Task brief => Go through the lines below and repeat each one exactly, skipping pictures.

Exercise data =>
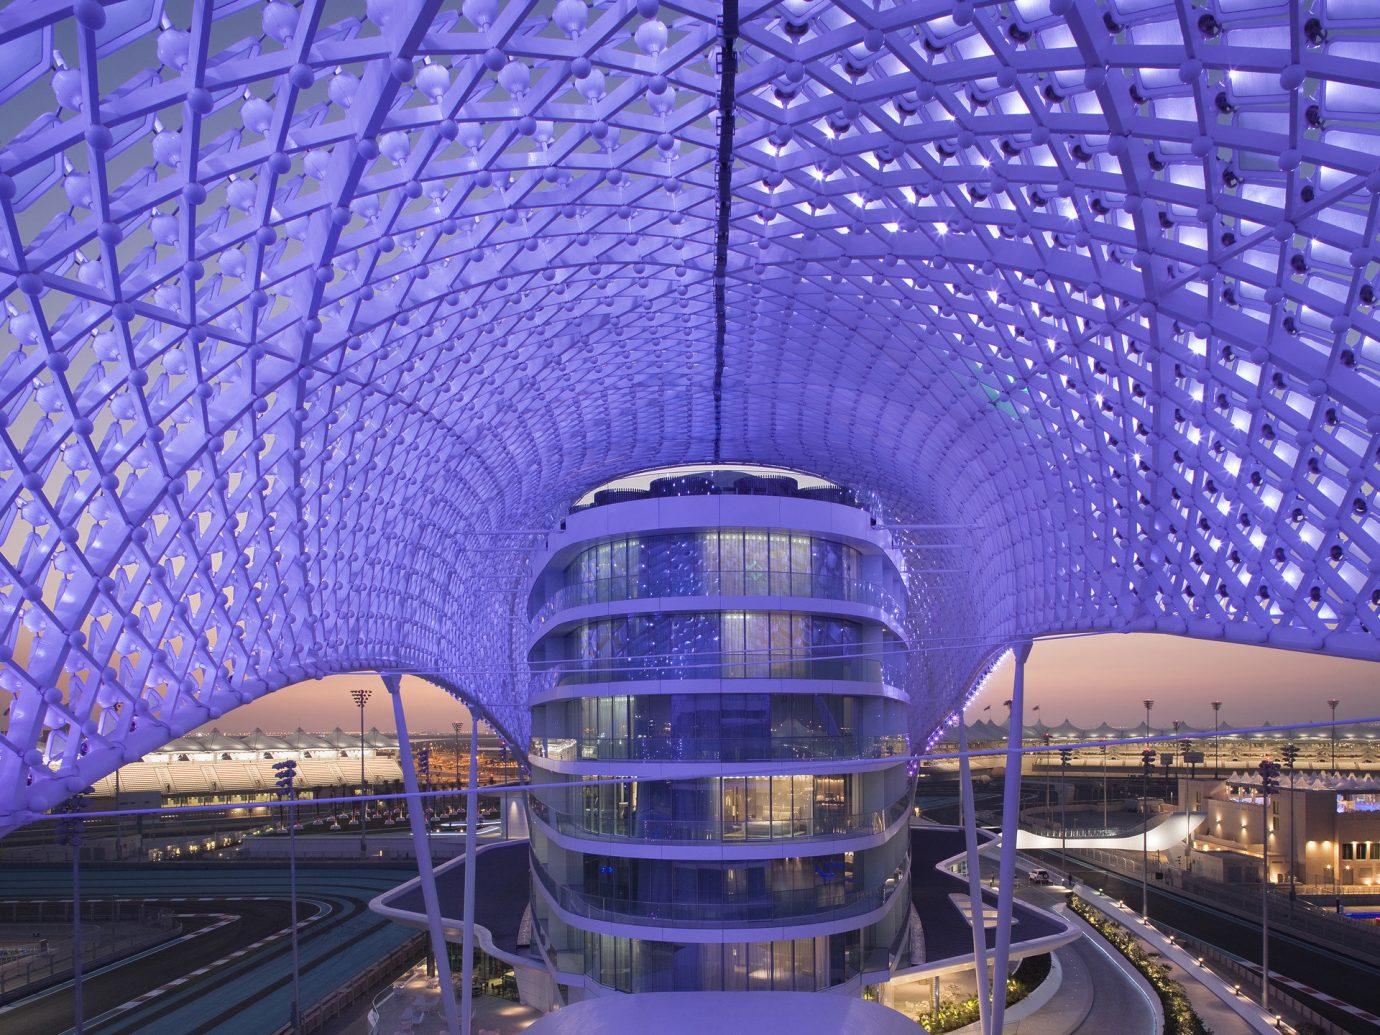 Hotels landmark Architecture skyscraper ceiling station reflection tourist attraction symmetry convention center stadium public transport cityscape subway
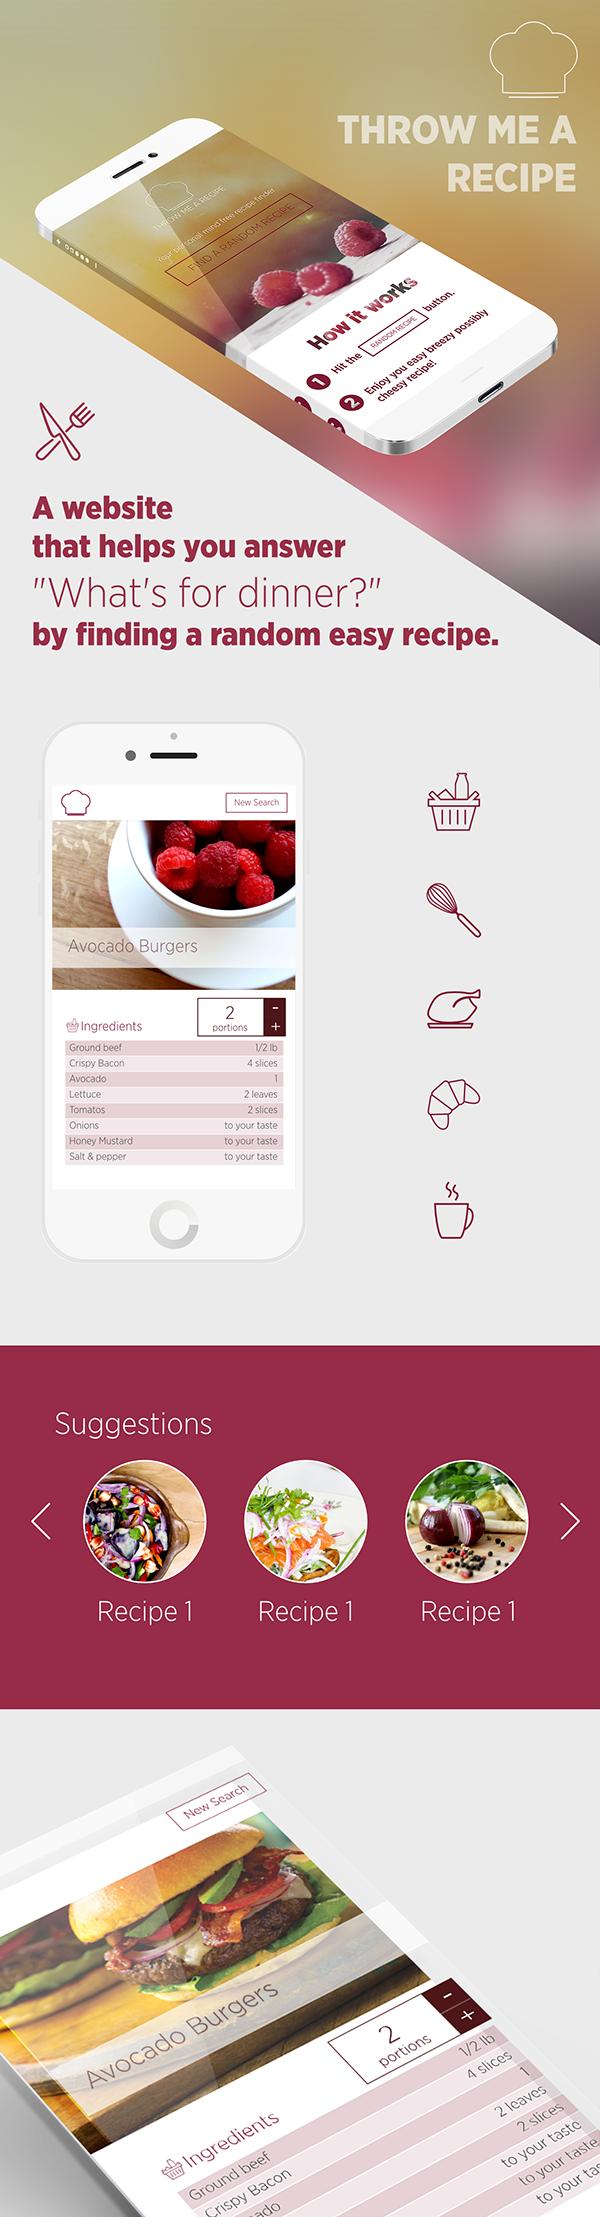 recipe UI icons Web design Food  cooking app iphone web app
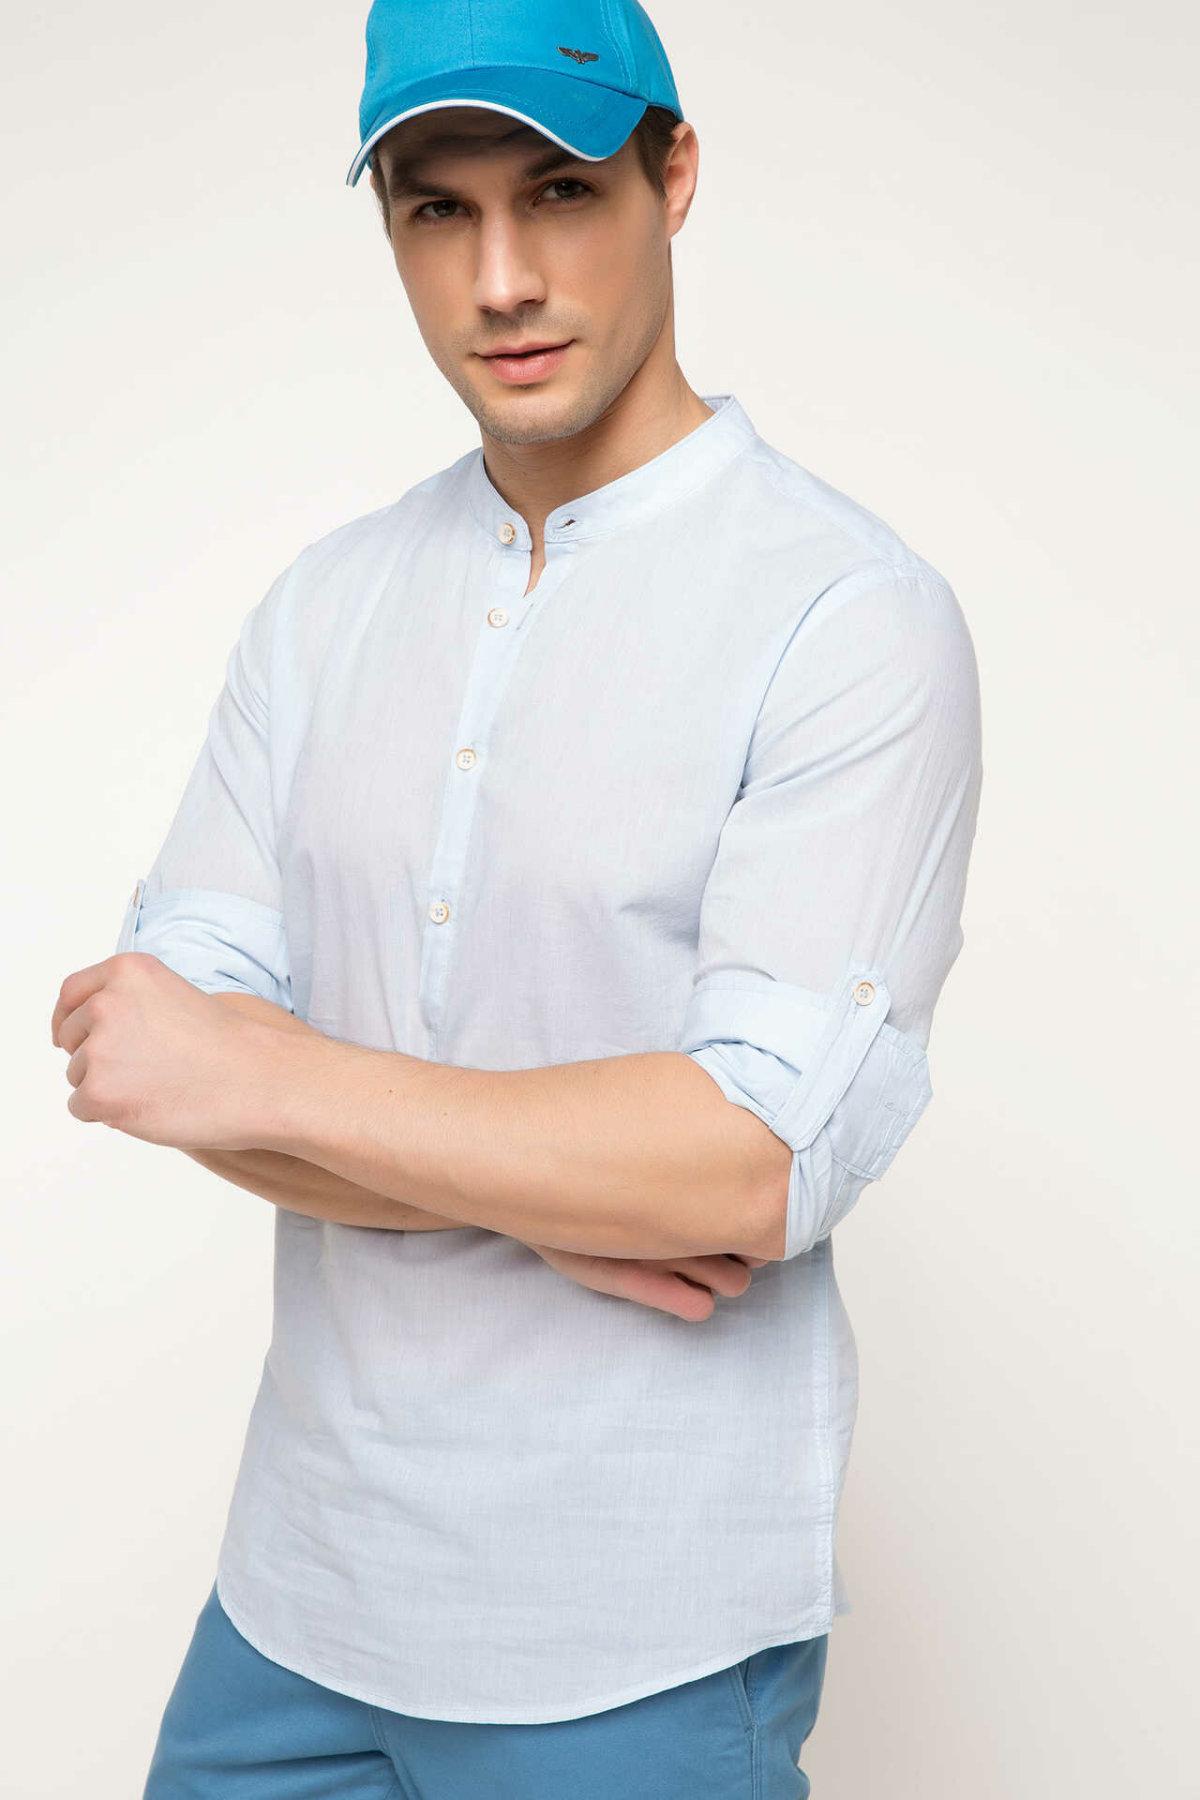 DeFacto Men Fashion Formal White Stand Collar Shirt Woven Top Short Sleeve Shirt Casual Business Wear Top Shirt-G8832AZ17SM

Written solution =>
 Hotels landmark Architecture skyscraper ceiling station reflection tourist attraction symmetry convention center stadium public transport cityscape subway
 recipe UI icons Web design Food  cooking app iphone web app
 DeFacto Men Fashion Formal White Stand Collar Shirt Woven Top Short Sleeve Shirt Casual Business Wear Top Shirt-G8832AZ17SM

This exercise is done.